For this challenge we are going to request data from the OpenAQ (Open Air Quality data) API.  
As a Warm UP, using the 👉 [Documentation](https://docs.openaq.org/docs/introduction) and the 👉 [Official reference](https://docs.openaq.org/reference/averages_v2_get_v2_averages_get) can you find the python code to get informations about **ALL** the country available with this API ?

In [None]:
# Insert your code to read general informations about all the countries from the API
# Use the request library and the /countries endpoint to do this


#response = # Insert your code here

<details><summary>Solution 💪</summary>
  <p>
   
  ```python

  url = "https://api.openaq.org/v2/countries?limit=1000&page=1&offset=0&sort=asc&order_by=name"

  headers = {
      "accept": "application/json",
      "content-type": "application/json"
  }

  response = requests.get(url, headers=headers)

  print(response.json())
  ```

  </p>
</details>

In [None]:
# Let's print this response to see how it looks like
countries = pd.DataFrame(response.json()["results"])
print(countries.shape)
countries

### Requesting Air Quality Data a city
We want to create an automated pipeline that automatically download data from the last year for a specific city
####  1 -  Date Format

The expected format for the API is "YYYY-MM-DD", `using time.now()` create a variable `date_from` that store the date 1 year from the current date in the correct format



In [None]:
# Get Date from one year ago using datetime
# You can use the datetime library to get the current date and time
# and then use timedelata to subtract 365 days from it to get the date from one year ago
# Finally, you can format the date as a string in the format "YYYY-MM-DD" using the .strftime method


date_from = None #

In [None]:
# Run the following code without modifying it to do the api call

endpoint =  "https://api.openaq.org/v2/measurements"

params = {
    "date_from": date_from,
    "limit": 1000, # Keeping 1000 as the limit for speed purposes
    "sort": "desc",
    "order_by": "datetime",
    "city": "PARIS 9E ARRONDISSEMENT"
}

headers = {"accept": "application/json"}

response = requests.get(endpoint, headers=headers,params=params)
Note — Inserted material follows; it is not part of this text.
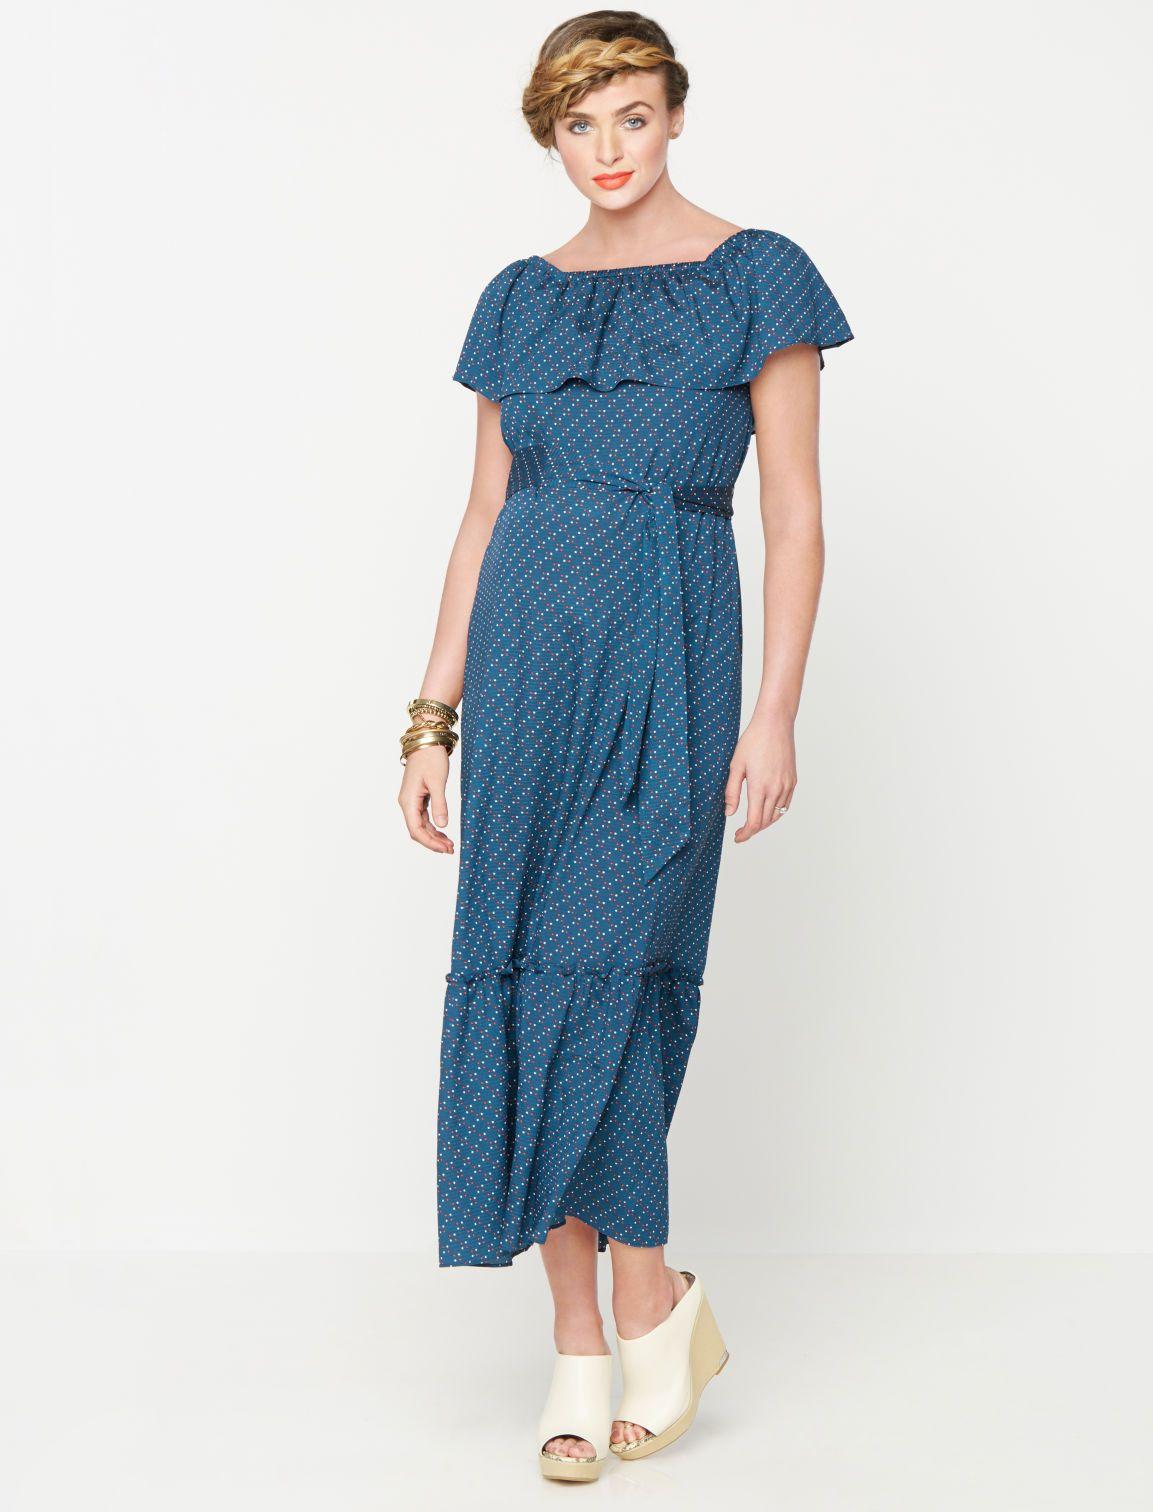 cb62e562f7fba Rachel Zoe Sleeveless Off The Shoulder Maternity Dress in Dot Print ...

res = pd.DataFrame(response.json()["results"])
res

#### 2 - Format the API result
Notice that we have several columns that are JSON object like the `date` and `coordinates`. We could keep in this way and store them like that but to simplify the logic needed we are going to extract the information from those columns.  
First let's extract only the `utc` from the date column.
You can use the `pd.Series().apply` method with a lambda function for this task ! Once it's done reassign the result to the date column

In [None]:
res["date"] = #TODO

In [None]:
# Run this cell to verify that the date column is a datetime object
from pandas.api.types import is_datetime64_any_dtype as is_datetime
assert is_datetime(res["date"]) == True , "Date column is not a datetime object, maybe you should verify your conversion"

Let's do the same with the `coordinates`columns, extract the lat and lon and put them respectively in a `latitude` and `longitude` column.
To try a different method you can use the `pd.json_normalize` function on res["coordinates]

In [None]:
# TODO Create a latitude and longitude column and drop the coordinates column

Run the following column to make sure your DataFramme is correct ✅

In [None]:
assert set(res.columns) == set(['locationId', 'location', 'parameter', 'value', 'date', 'unit',
       'country', 'city', 'isMobile', 'isAnalysis', 'entity', 'sensorType',
       'latitude', 'longitude']), "Columns are not the same as expected"

#### 3 - Save the Data to a Csv format
It's alaways usefull to have a local back up of your data when you build a Data Pipeline. Let's save your DataFrame to a csv !  
Create a data folder and then save your date in a `data/air_quality.csv`

In [None]:
# TODO


#### 4 - Upload Data to Cloud Storage

We provide you with the python code to load your DataFrame, you can find it in the official 👉 [GCP Documentation](https://cloud.google.com/storage/docs/uploading-objects-from-memory)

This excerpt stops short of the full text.